Молчание. Сергей Павлович не стал выражать соболезнований.
– Вы знаете, Эдуард, – заговорил он снова. – Я убеждён, что Вы прожили бы со своей супругой всю жизнь вместе.
– Я тоже так думаю. А из чего Вы это заключили?
– Мне представляется, что Вы сами не такой уж индивидуалист, каким себе кажетесь.
– В жизни, может, и нет, а что касается публики и художника – законченный.
– Неужели?
– Да.
– Вы пишите?
– В смысле?
– Стихи, прозу?
– Для себя. Хотя нет-нет, да и пошлю друзьям. Правда, потом неловко становится.
– Отчего же неловко?
– Вот как раз от того, что без публики не могу. Стишки-то мои никого не обогатят, следовательно, и распространять их ни к чему, а публики хочется.
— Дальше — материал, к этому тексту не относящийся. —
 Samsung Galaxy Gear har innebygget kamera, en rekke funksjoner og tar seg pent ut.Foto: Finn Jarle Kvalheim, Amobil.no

– Знаете что, я сейчас выйду на КПП, а когда мы его минуем, стану Вашей публикой.
– Ни в коем случае! – протестует Эдик.
– Не обсуждается, милостивый государь, не обсуждается.
Сергей Павлович выходит из машины и упругой походкой устремляется к будке КПП. «Вот жизнелюб! – думает Клаас, провожая старика глазами. – Что за старики пошли. Тот на кладбище фонтанировал энергией. Этот вот тоже… То ли дело мы. Дети безвременья. Как это там у Лермонтова… «К добру и злу постыдно равнодушны, в начале поприща мы вянем без борьбы…»
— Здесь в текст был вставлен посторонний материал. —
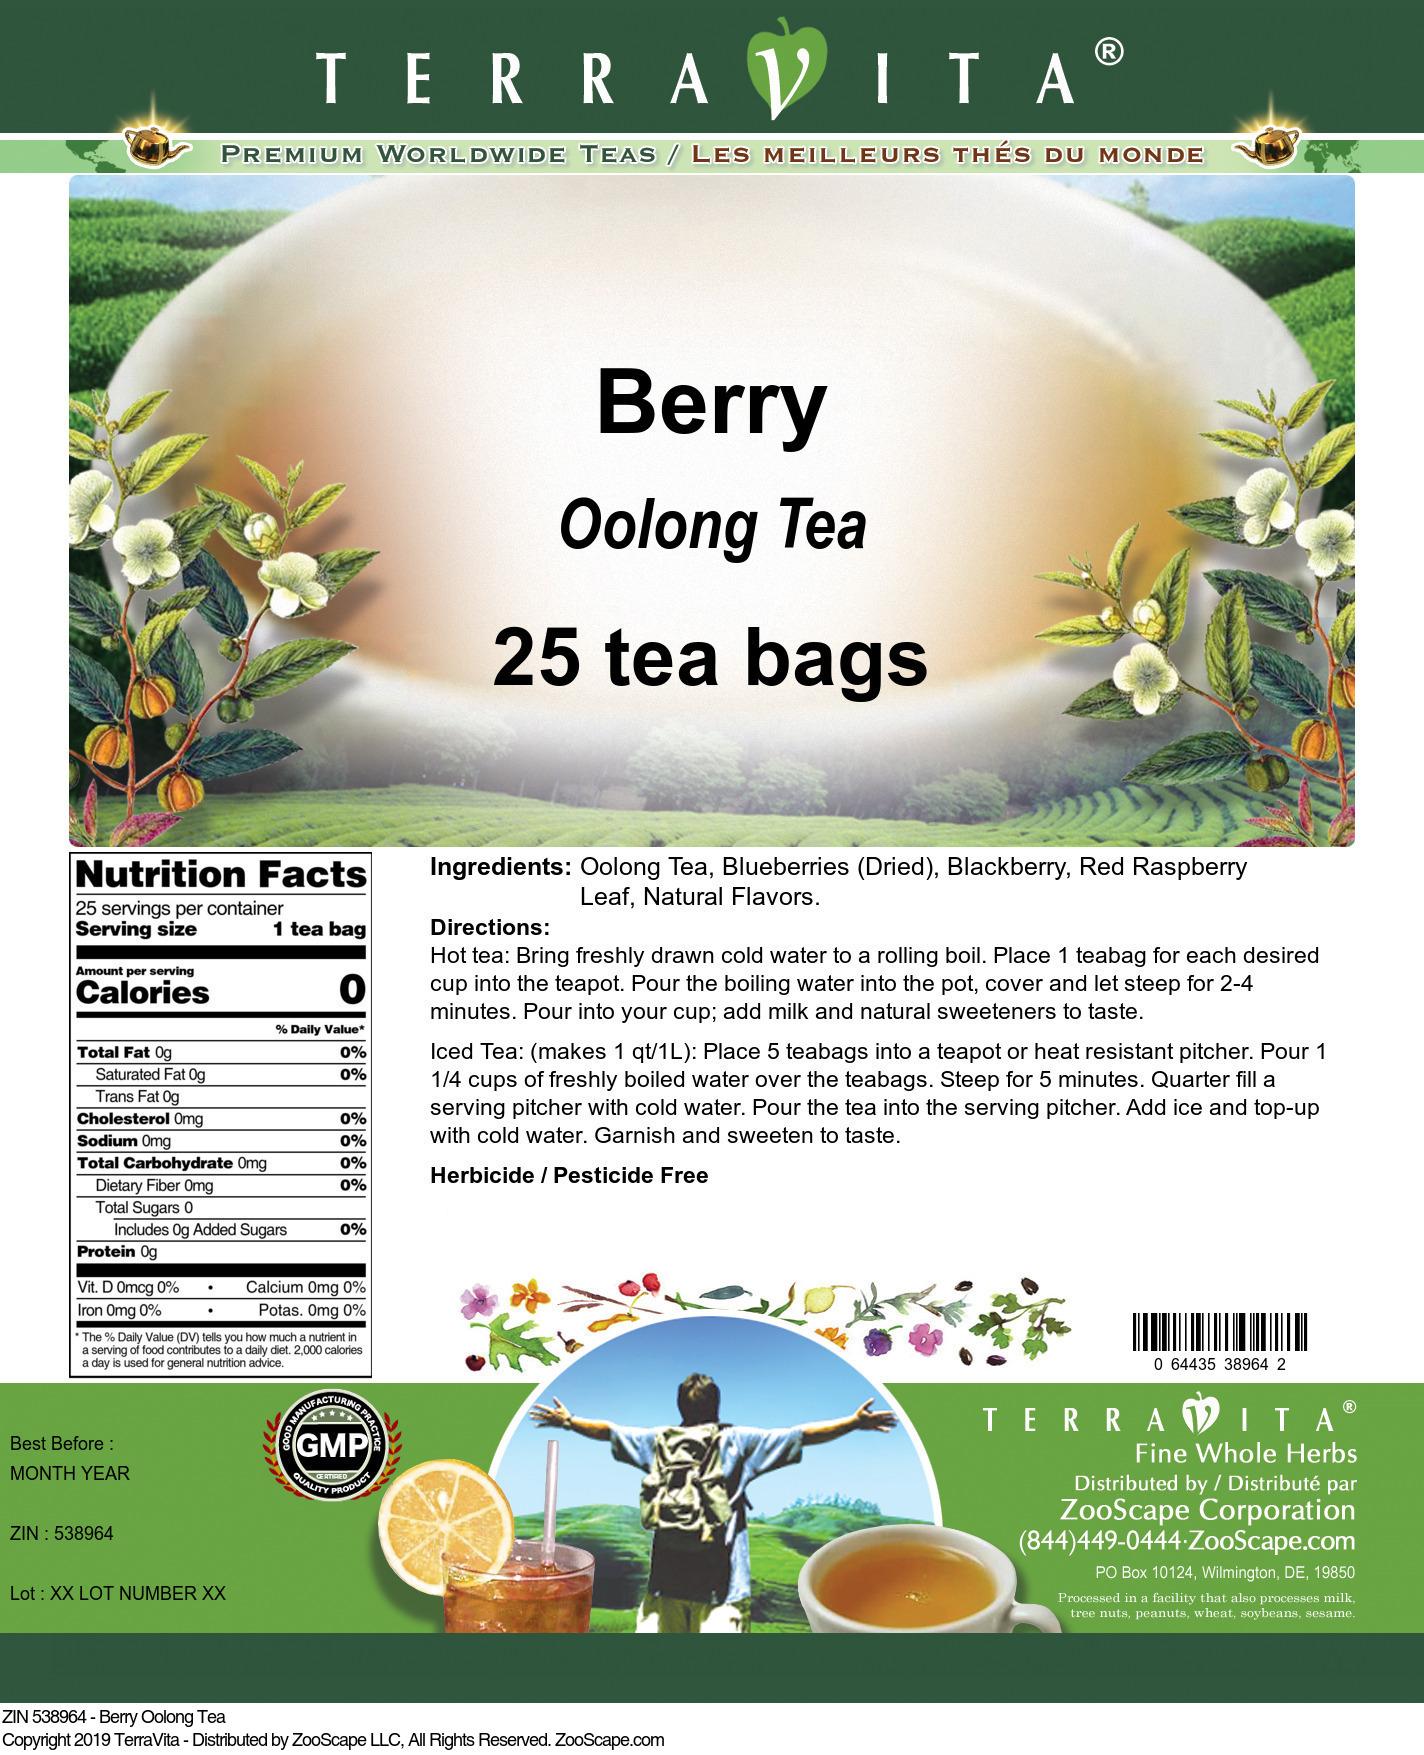 Berry Oolong Tea

Сергей Павлович достаёт бумажник, нагибается к окошку и просовывает деньги. Взамен он получает чрезмерной величины квитанции.
– Сколько с меня? – интересуется Эдик, когда Сергей Павлович сел в машину.
– Бросьте, бросьте, что Вы в самом деле! Я – Ваш должник.
– Нет нет, так не пойдёт.
– Не будьте мелочны, Эдуард. Они берут плату за то, чтобы мы наслаждались красотами природы. Что ж, их можно понять, им больше не на чем зарабатывать. Мы же с Вами, друг мой, не станем разменивать впечатления на купюры, – Сергей Павлович понижает голос, выразительно смотрит на Эдика и добавляет:
– В том числе, и впечатления друг о друге.
Клаас улыбается и жмёт на газ. Машина несётся по извилистой дороге над пропастью, под скальными арками, то ныряя в туман, то выпрыгивая в потоки света и лесных ароматов.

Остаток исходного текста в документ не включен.